**What the exercise asks**
Beginning with the line containing "Adidas Animal Printed" and going on through the line containing "1 Shot and Matthews Paint logos", the lines below are to be returned exactly, pictures excluded and nothing added.

====== Extracted records

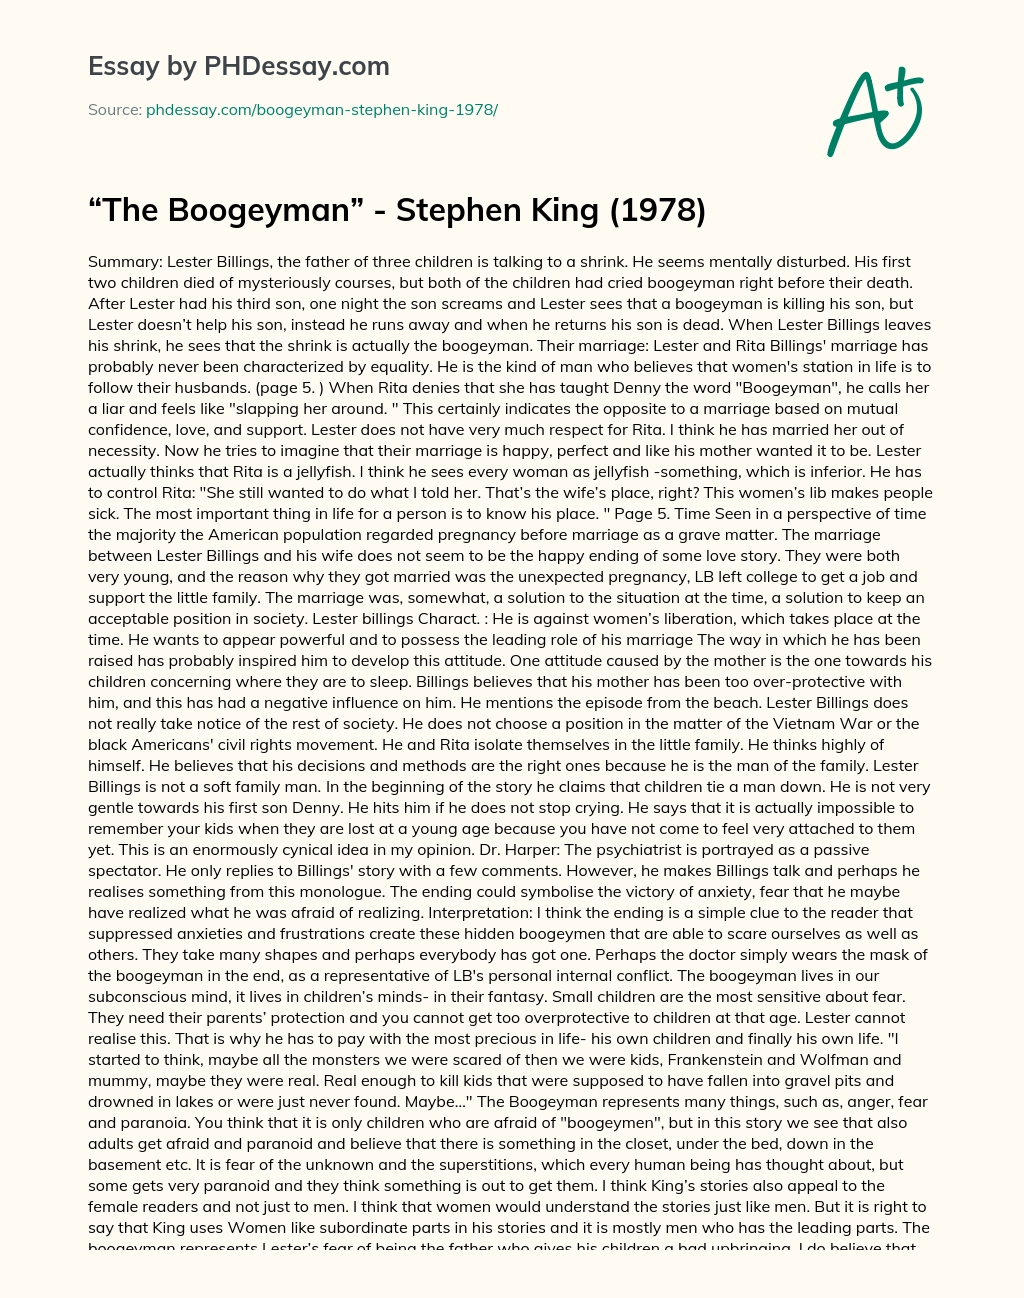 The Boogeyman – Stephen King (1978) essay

============
====== Extracted records

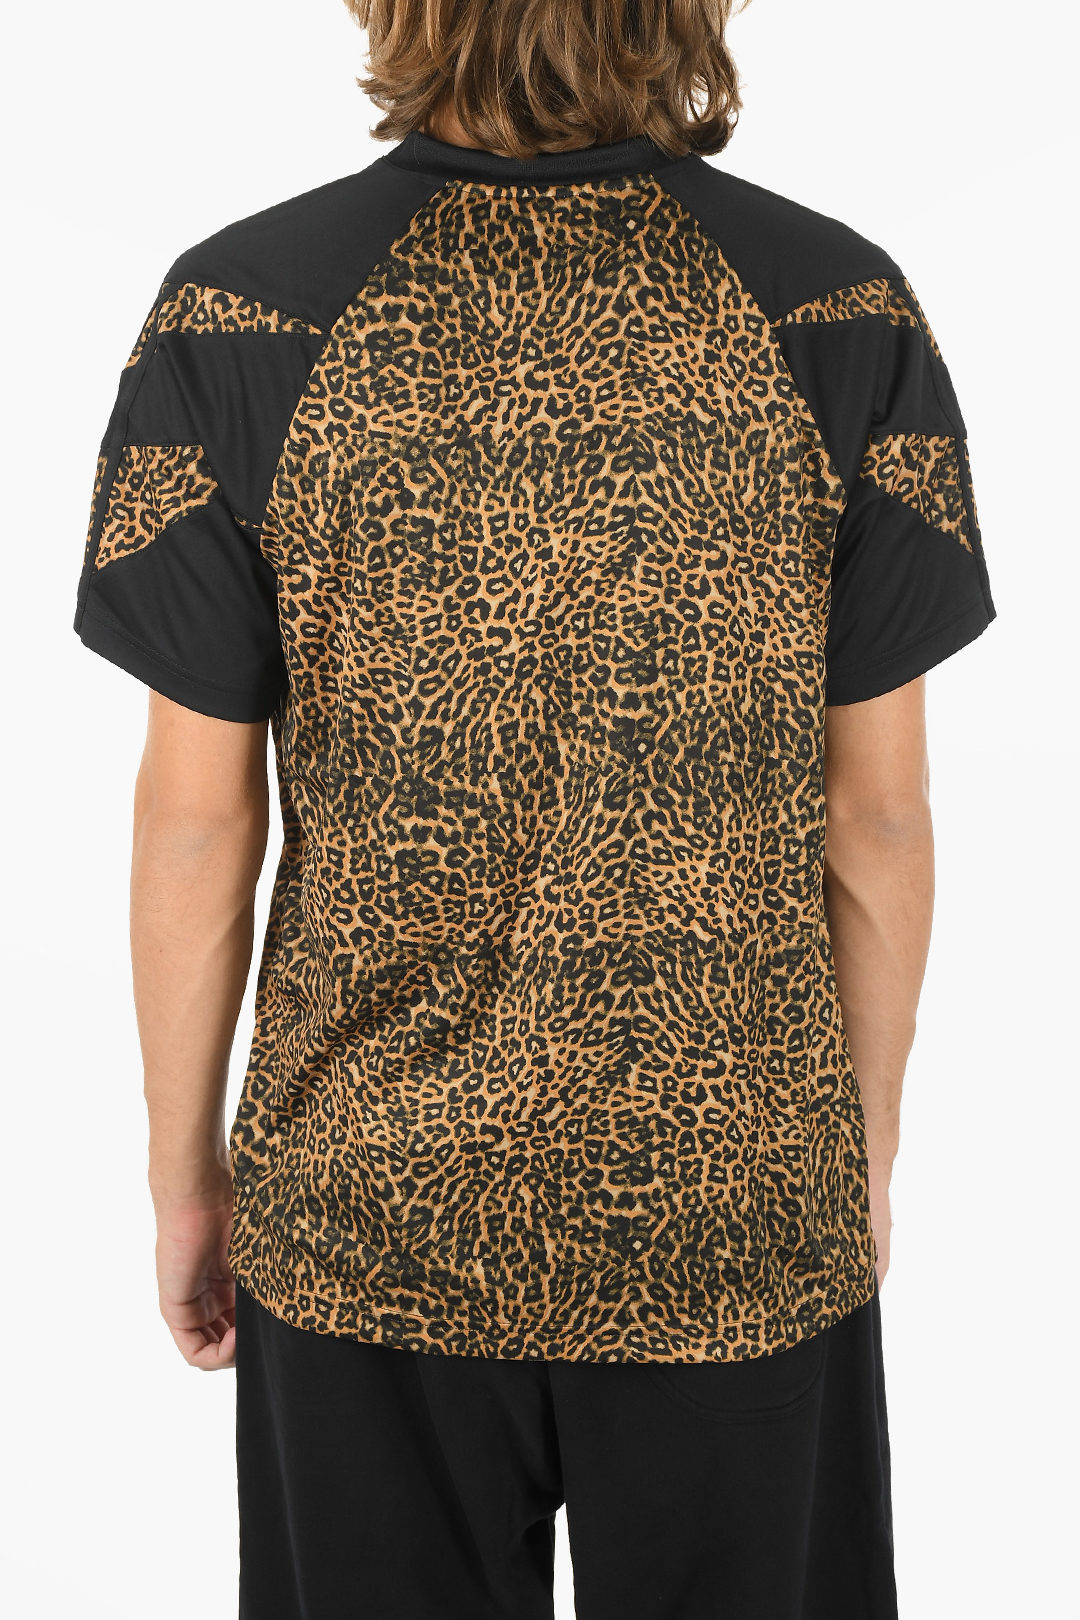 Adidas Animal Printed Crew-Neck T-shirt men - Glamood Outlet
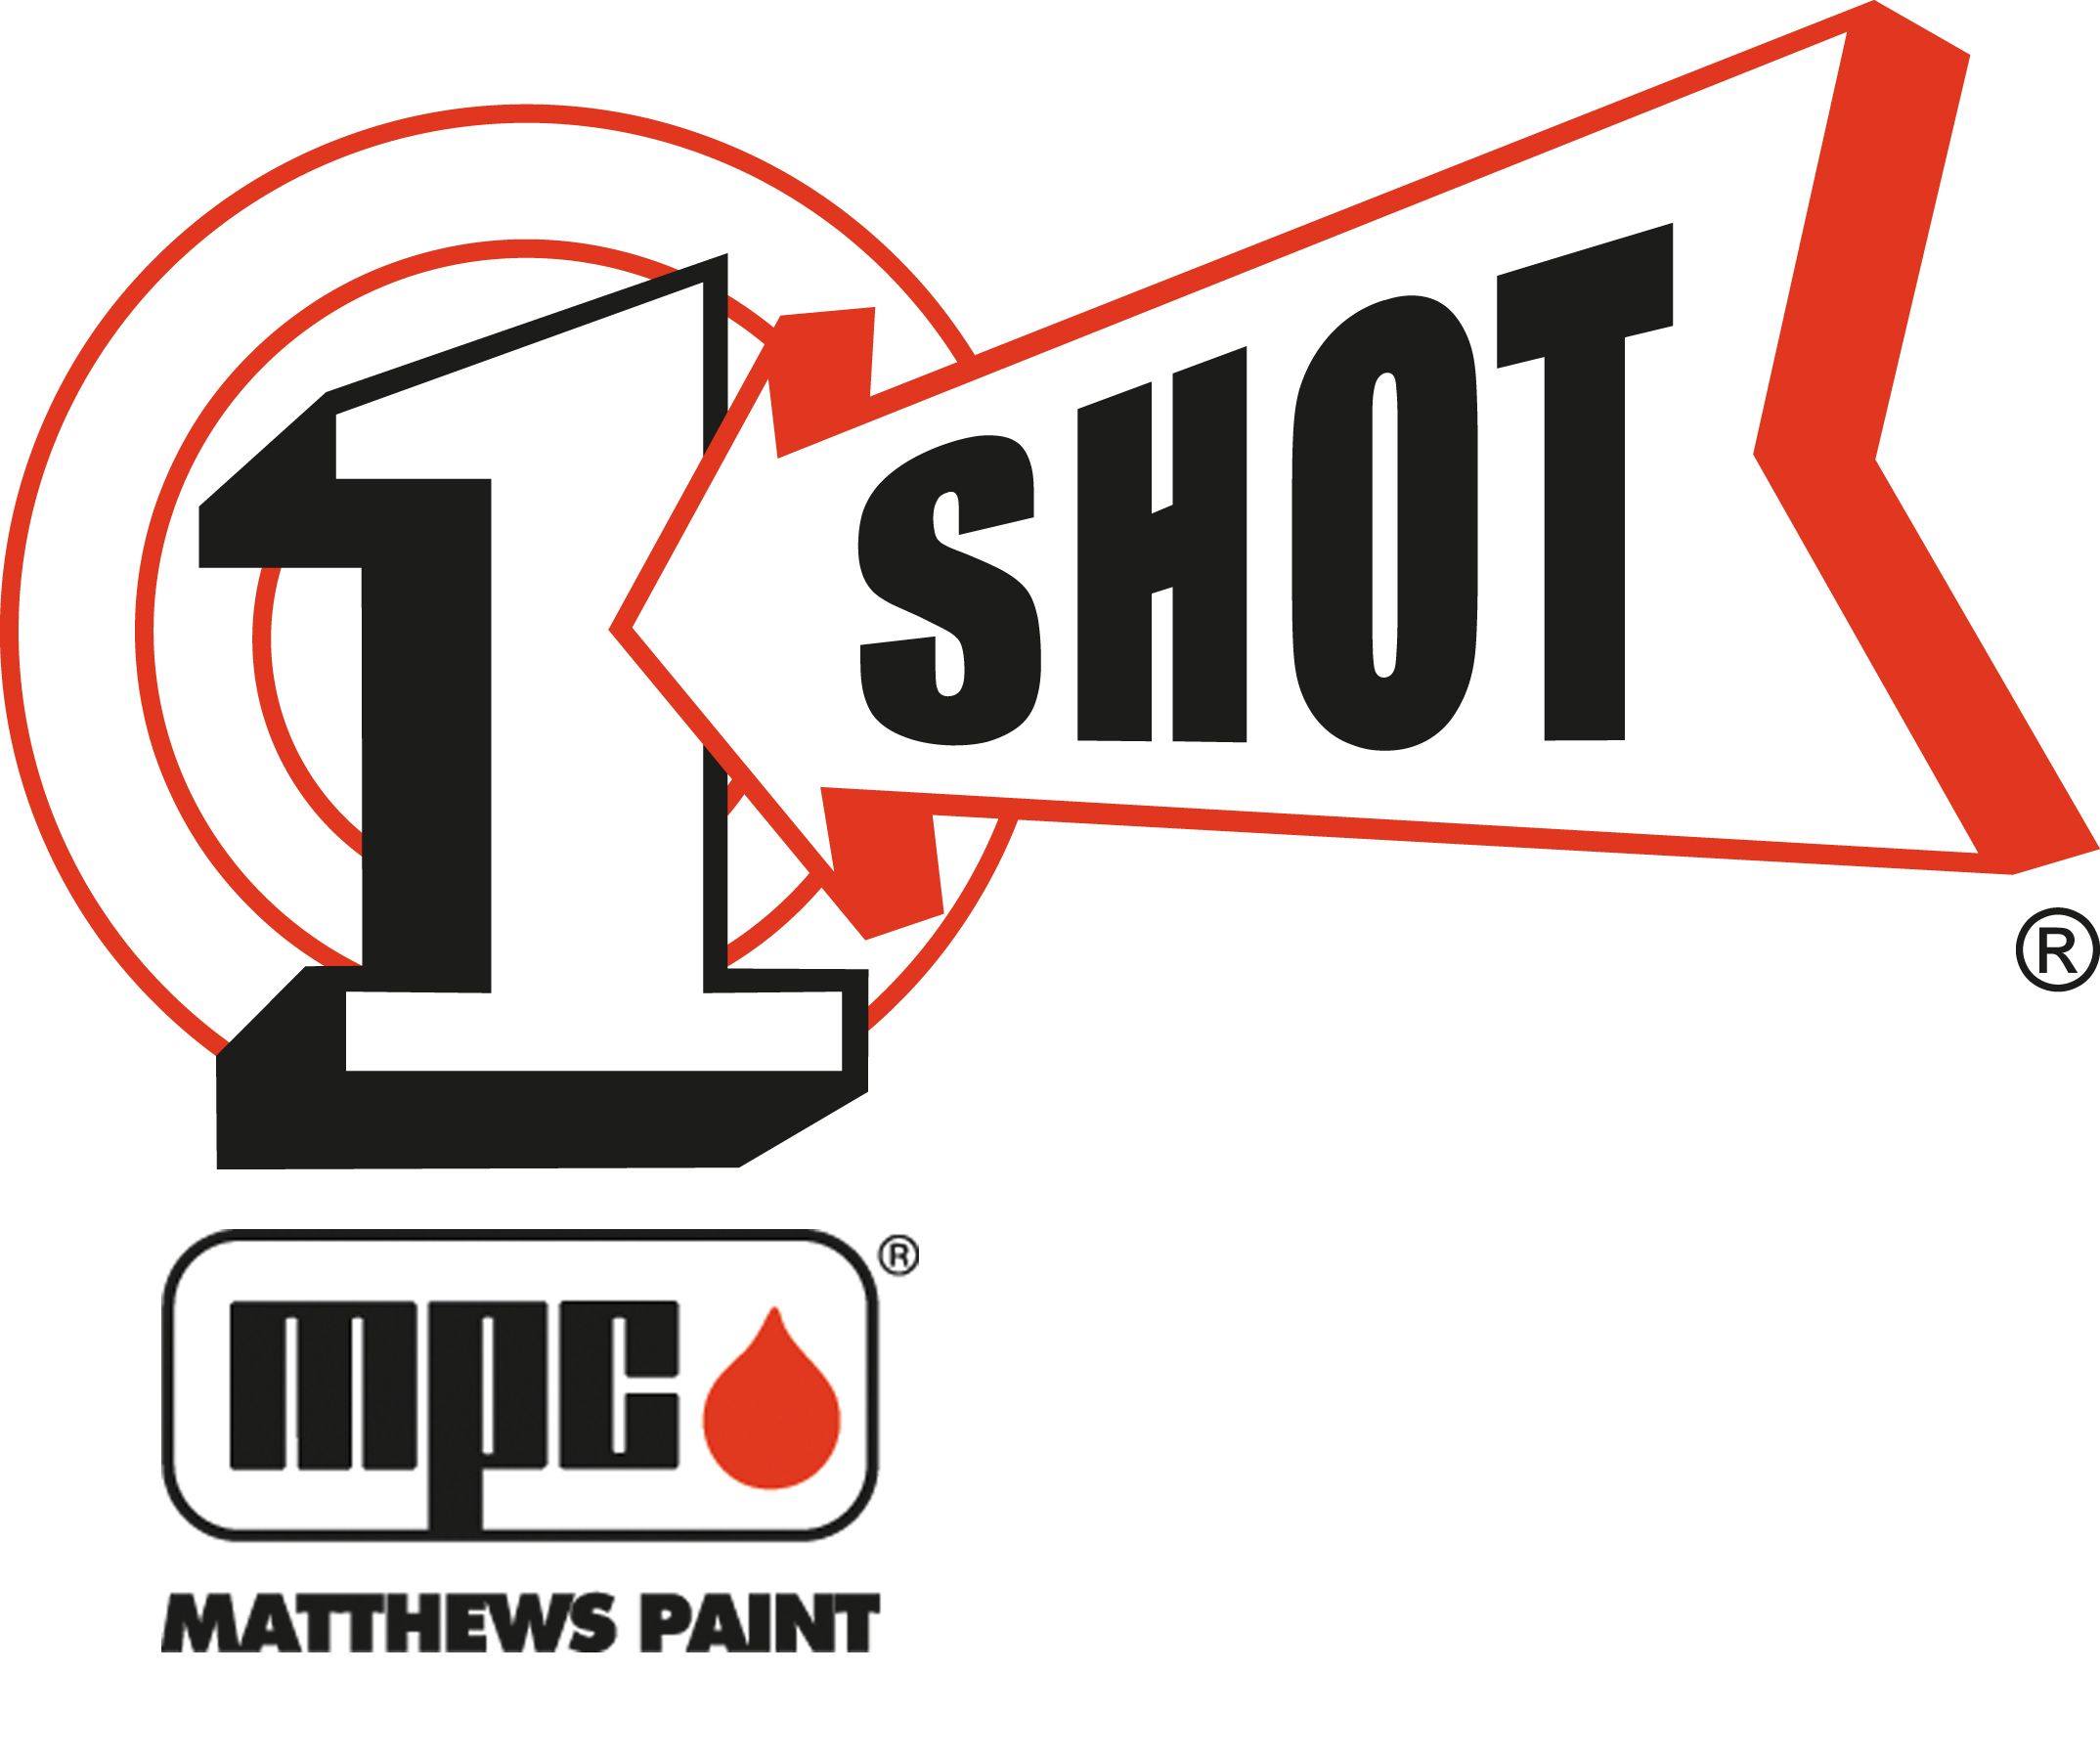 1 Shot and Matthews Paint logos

============
====== Extracted records

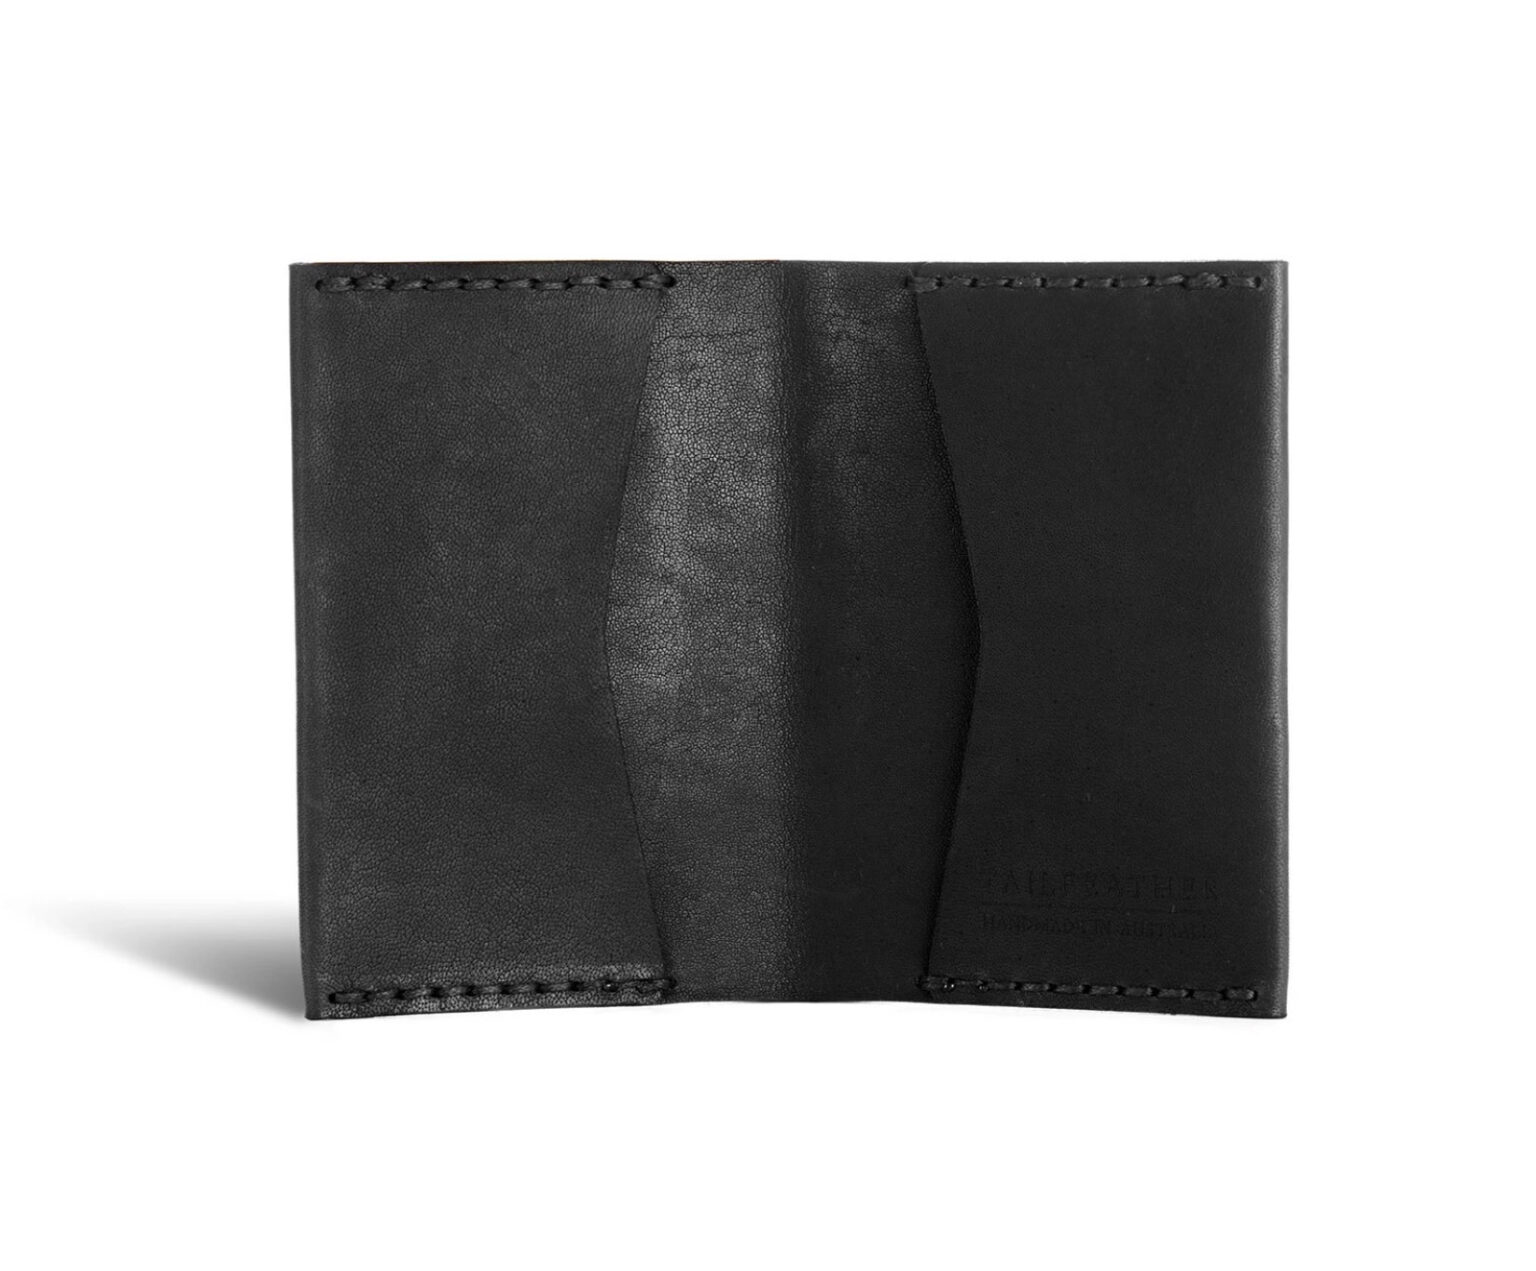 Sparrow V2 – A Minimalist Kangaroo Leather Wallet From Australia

============

**Exercise answer**
 Adidas Animal Printed Crew-Neck T-shirt men - Glamood Outlet
 1 Shot and Matthews Paint logos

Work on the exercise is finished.